- Born: 13 October 1944 Punta Arenas, Chile
- Died: 28 April 2011 (aged 66) Buenos Aires, Argentina
- Cause of death: Homicide by stabbing
- Education: Arturo Prat Naval Academy; University of Chile;
- Occupations: Intelligence officer; terrorist;
- Political party: Nationalist Liberation Offensive (1969–1970); Fatherland and Liberty (1972–1973);
- Criminal charges: Role in the assassination of Orlando Letelier; Kidnapping and torture of Laura Elgueta and one other Chilean woman;
- Relatives: Patricia Arancibia Clavel [es] (sister)
- Allegiance: Fatherland and Liberty Government Junta of Chile (1973)
- Branch: Dirección de Inteligencia Nacional
- Service years: 1969–1977
- Conflict: Project FUBELT Assassination of René Schneider; Bombings of Santiago Stock Exchange, University of Chile Faculty of Law [es], Chilevisión and Arturo Merino Benítez International Airport; ; Operation Condor Assassination of Carlos Prats and Sofía Cuthbert; Operation Colombo; ;

= Enrique Arancibia Clavel =

Chilean DINA agent (1944–2011)

Enrique Arancibia Clavel (13 October 1944 – 28 April 2011) was a Chilean Dirección de Inteligencia Nacional (DINA) Intelligence officer, terrorist and founder of the fascist Nationalist Liberation Offensive political movement.

Arancibia was convicted in Argentina for his role in the assassination of General Carlos Prats and for the kidnapping and torture of two Chilean women, Laura Elgueta and Sonia Díaz. After spending 20 years in prison, Arancibia was granted parole in July 2007. In April 2011, Arancibia was found stabbed to death in his apartment in Buenos Aires.

== Chile ==
Arancibia was associated with the right-wing group responsible for the botched kidnapping of Chilean Army Chief of Staff René Schneider in 1970, which resulted in Schneider's death. General Schneider had supported Allende's election and advocated for an apolitical military through the Schneider Doctrine. However, Arancibia was not directly linked to Schneider's assassination. After the incident, Arancibia fled Chile and lived in unofficial exile in Buenos Aires, Argentina.

== Argentina ==
From March 1974 to November 1978 Arancibia was a part of the DINA, and acted as a liaison between DINA and the Secretariat of Intelligence (SIDE).

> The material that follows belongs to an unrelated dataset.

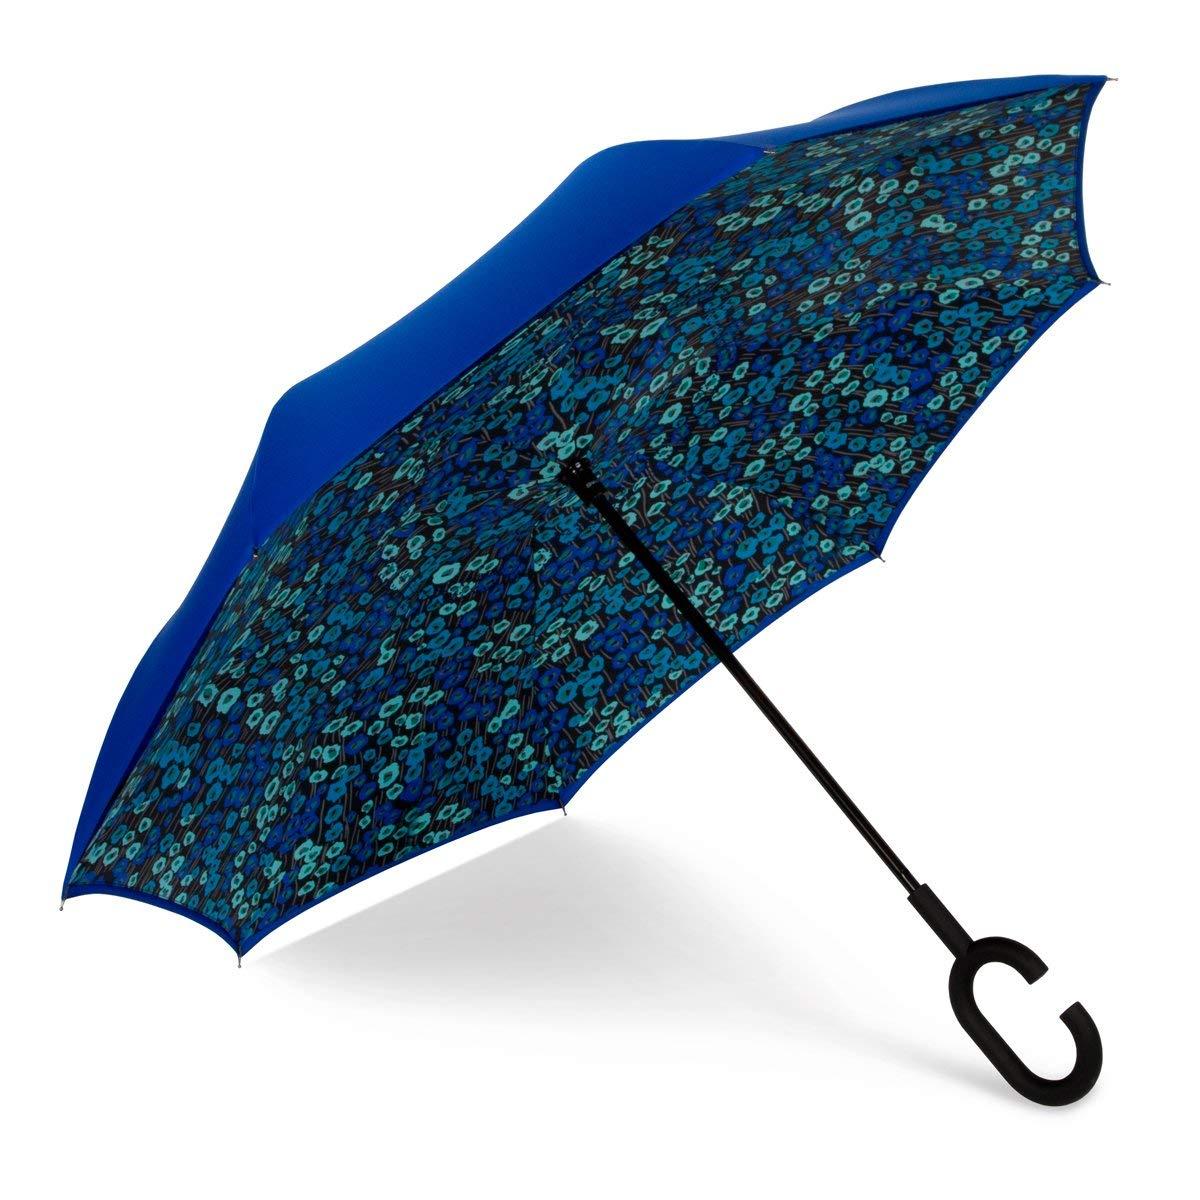 ShedRain UnbelievaBrella Fashion Floral Print Reverse Umbrella Monet

Arancibia became involved in the assassination of Prats and his wife, who had sought refuge in Argentina following General Pinochet's 1973 coup. General Prats, who had served as the commander-in-chief of the armed forces during Salvador Allende's administration, strongly criticized the coup that overthrew Allende. This assassination was part of Operation Condor, a campaign of political repression and terror implemented in 1975 by the right-wing dictatorships of the Southern Cone of South America against left-wing opponents. Arancibia received assistance from Michael Townley in planning and executing the attack, which reportedly involved Italian terrorist Stefano Delle Chiaie as well. Eventually, the Italian testified against both Townley and Arancibia.

In 1978, shortly after Townley's extradition to the United States for the murder of diplomat Orlando Letelier in Washington, D.C. in 1976, Argentine intelligence officers arrested Arancibia for espionage.

In 2000, Arancibia was sentenced to life in prison for the 1974 assassination of General Carlos Prats and Sofía Cuthbert in Bueno Aires,

The Argentine court confirmed this sentence in August 2004, ruling that crimes against humanity, including those committed during the Dirty War, have no statute of limitations in Argentina.

Townley served 62 months of a 10-year sentence for his role in the assassination of Orlando Letelier. Townley's plea bargain for confessing to the Letelier assassination granted him immunity from further prosecution, preventing his extradition to Argentina on charges related to Prats' assassination.

In 2004, an Argentine court convicted Arancibia and sentenced him to 12 years for the kidnapping and torture of Laura Elgueta and Sonia Díaz, two Chilean woman who had been living in Argentina. Elgueta later served as the press chief for former Minister of Defense Vivianne Blanlot. Although the Prats case remained open in Chile, Arancibia was released on parole in July 2007 due to technical reasons after spending nearly 20 years in prison in Argentina.

== Personal life and death ==
On 28 April 2011, Arancibia was found by his partner with 10 to 12 stab wounds across his chest and back in his Buenos Aires apartment. At the time of his death Arancibia was running a taxi business.

It was revealed posthumously that Arancibia was gay.